Let's download and extract the [Yggdrasil Decision Forests](https://ydf.readthedocs.io/en/latest/index.html) CLI tools.

In [None]:
!wget https://github.com/google/yggdrasil-decision-forests/releases/download/1.0.0/cli_linux.zip
!unzip cli_linux.zip

Finally, let's make predictions:

**Remarks:**


- TensorFlow Decision Forests (TF-DF) is based on the [Yggdrasil Decision Forests](https://ydf.readthedocs.io/en/latest/index.html) (YDF) library, and  TF-DF model always contains a YDF model internally. When saving a TF-DF model to disk, the TF-DF model directory contains an `assets` sub-directory containing the YDF model. This YDF model can be used with all [YDF tools](https://ydf.readthedocs.io/en/latest/cli_commands.html). In the next example, we will use the `predict` and `benchmark_inference` tools. See the [model format documentation](https://ydf.readthedocs.io/en/latest/convert_model.html) for more details.
- YDF tools assume that the type of the dataset is specified using a prefix, e.g. `csv:`. See the [YDF user manual](https://ydf.readthedocs.io/en/latest/cli_user_manual.html#dataset-path-and-format) for more details.

In [None]:
!./predict --model=my_model/assets --dataset=csv:dataset.csv --output=csv:predictions.csv

We can now look at the predictions:

In [None]:
pd.read_csv("predictions.csv")

The speed of inference of a model can be measured with the [benchmark inference](https://ydf.readthedocs.io/en/latest/benchmark_inference.html) tool.

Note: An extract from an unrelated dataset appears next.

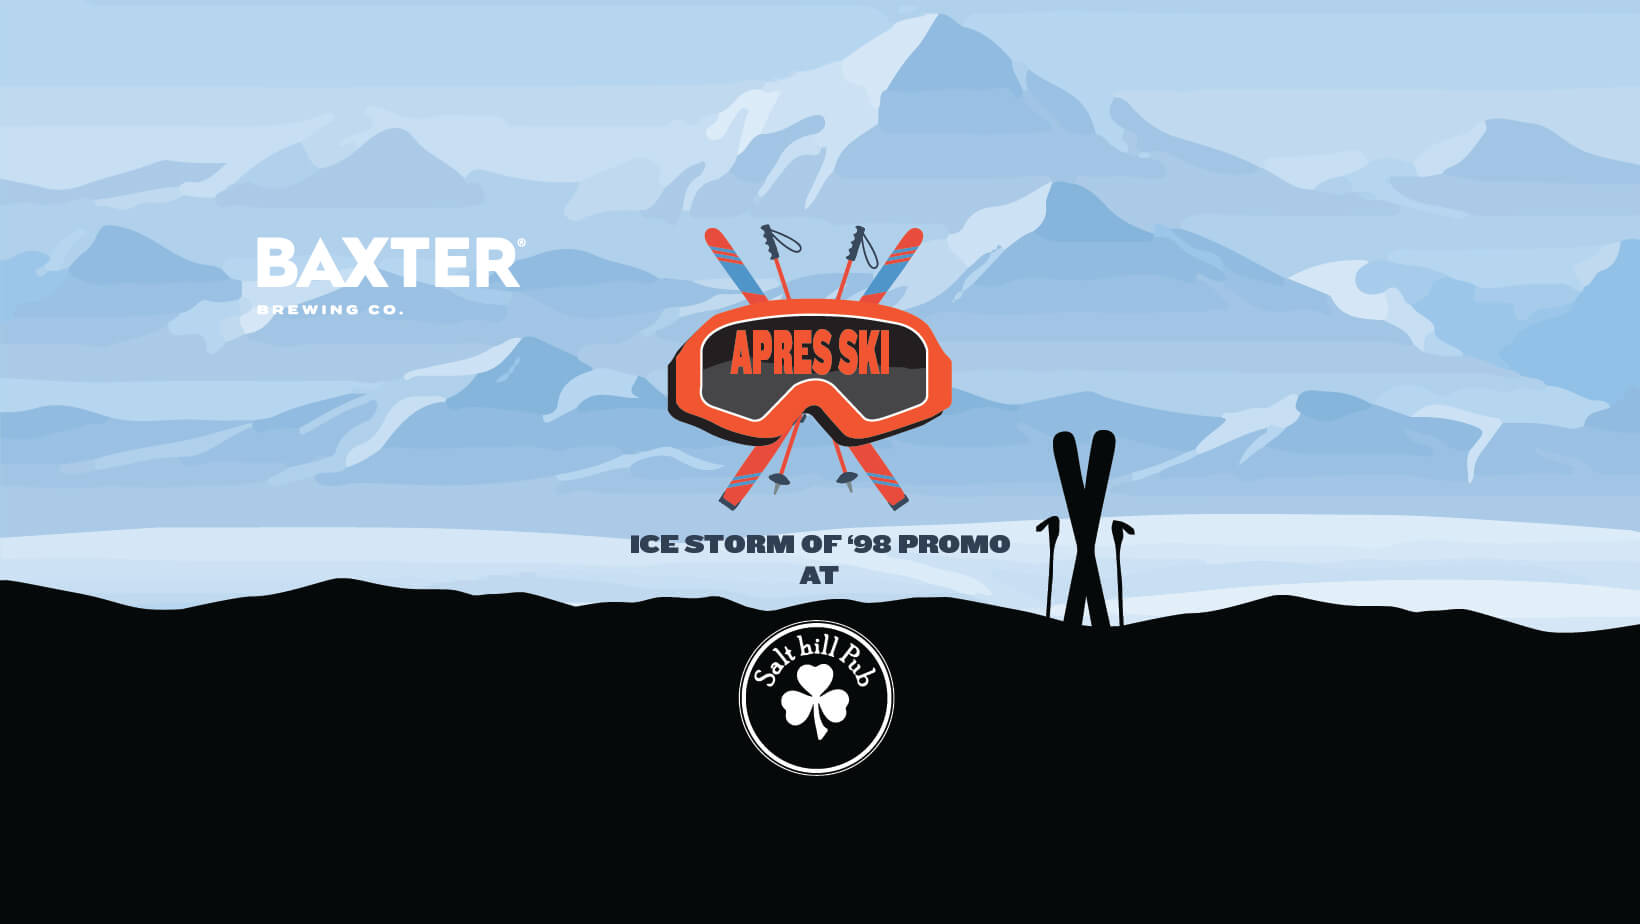 Image promoting an apres ski promo with Ice Storm of 98. On January 6th at Salt Hill Pub

**Note:** Prior to YDF version 1.1.0, the dataset used in the benchmark inference needs to have a `__LABEL` column.

In [None]:
# Create the empty label column.
pd_serving_dataset["__LABEL"] = 0
pd_serving_dataset.to_csv("dataset.csv")

In [None]:
!./benchmark_inference \
  --model=my_model/assets \
  --dataset=csv:dataset.csv \
  --batch_size=100 \
  --warmup_runs=10 \
  --num_runs=50

In this benchmark, we see the inference speed for different inference engines. For example, "time/example(us) = 0.6315" (can change in different runs) indicates that the inference of one example takes 0.63 micro-seconds. That is, the model can be run ~1.6 millions of times per seconds.

**Note:** TF-DF and the other API always automatically select the fastest inference engine available.